Your vendor's vendors are your problem too.
When 247 of your vendors run on the same sub-processor, that's not their concentration risk — it's yours. Subcontractor Insights maps fourth-party dependencies, surfaces concentration, and visualizes cascading risk.
Fourth-party visibility, finally.
Fourth-party concentration analysis
See which sub-processors appear most often across your vendor base. When 247 vendors run on AWS and your AWS region goes down, that's your exposure — not theirs. We surface concentration before an incident proves it.
- Sub-processor concentration ranking
- Geographic + region clustering
- Critical-path dependency mapping
Sub-processor disclosure tracking
GDPR Article 28 requires vendors to disclose sub-processors. We track every vendor's published list, alert on changes, and tie new sub-processors back to your concentration analysis automatically.
- GDPR Article 28 compliance built in
- Auto-detect new sub-processor additions
- Vendor change-log audit trail
Cascading risk visualization
When a fourth party has an incident, see immediately which of your vendors are affected — and which of your business processes those vendors support.

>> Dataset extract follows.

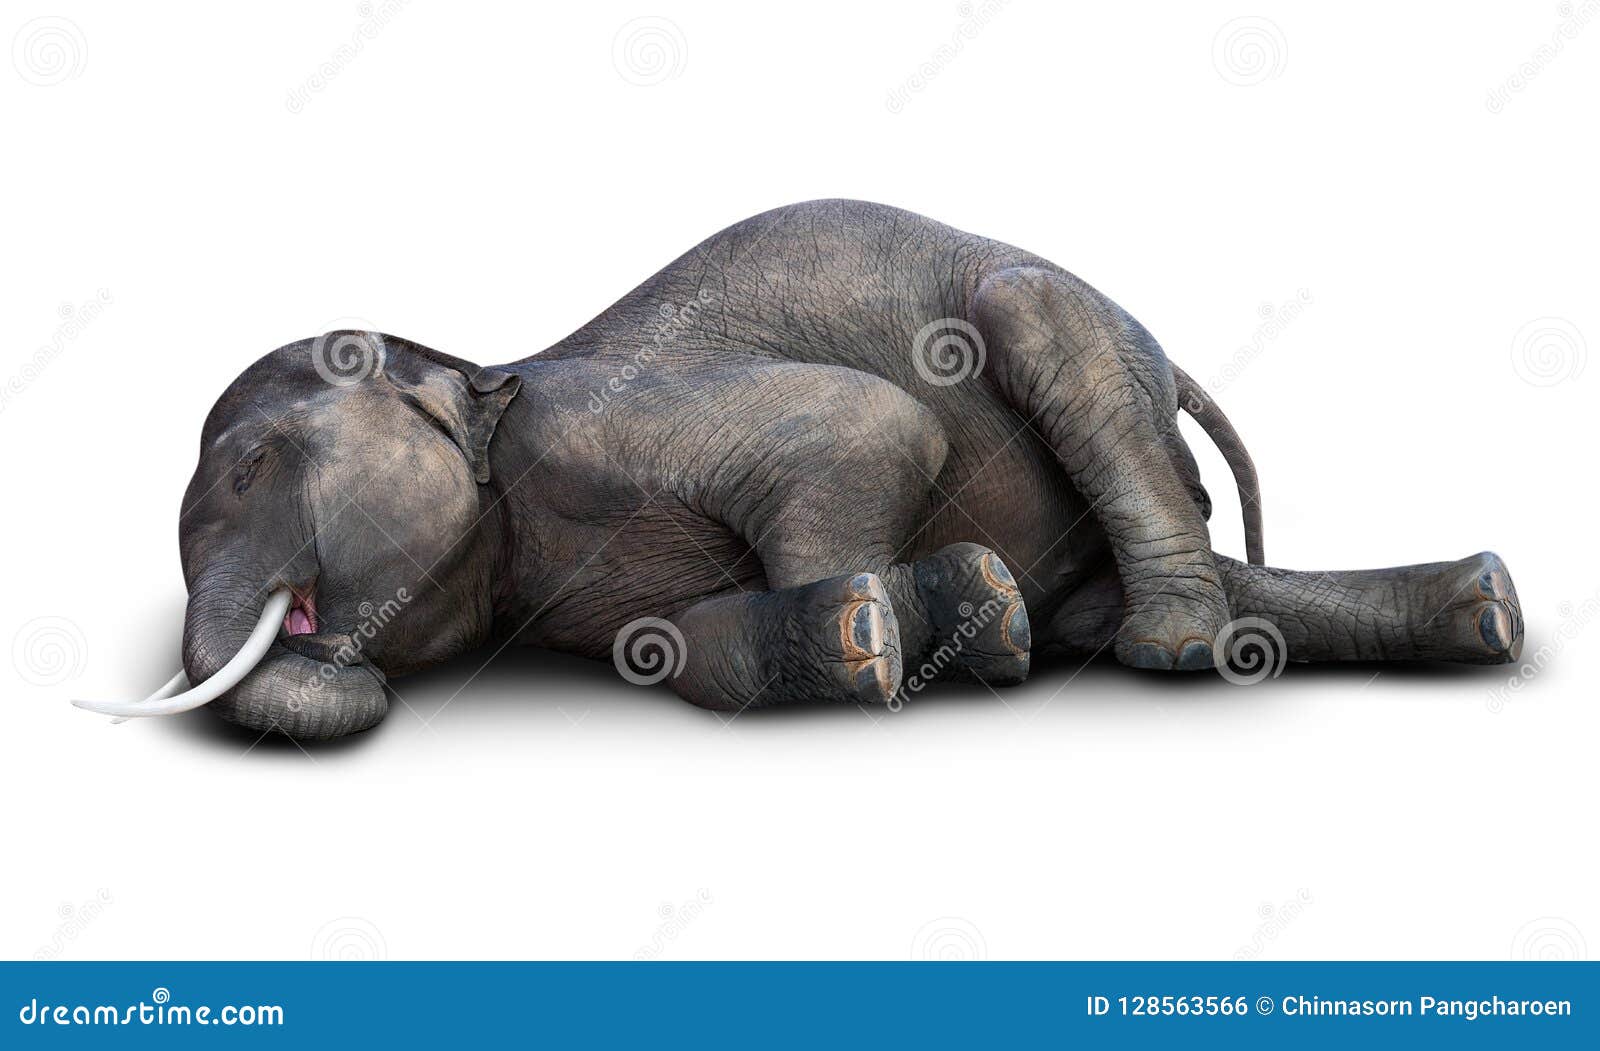 797 Dead Elephant Photos Free Royalty Free Stock Photos From Dreamstime

One graph traversal, full impact picture.
- Live incident impact mapping
- Vendor → business process linkage
- One-click examiner-ready report
Three steps from setup to value.
Map sub-processors
We auto-import sub-processor lists from each vendor's published disclosures. Manual additions for vendors that don't publish are supported.
Run concentration analysis
See your full fourth-party landscape. Concentration is ranked by vendor count, by tier, and by business process dependency — so you know where the real risk lives.
Get cascading alerts
When a fourth party has a material incident, every dependent vendor and business process surfaces. You see the blast radius before procurement asks.
"We didn't realize 60% of our Tier 1 vendors funnel through three identity providers. When one of those had an outage last quarter, we already had the impact picture before the news cycle started."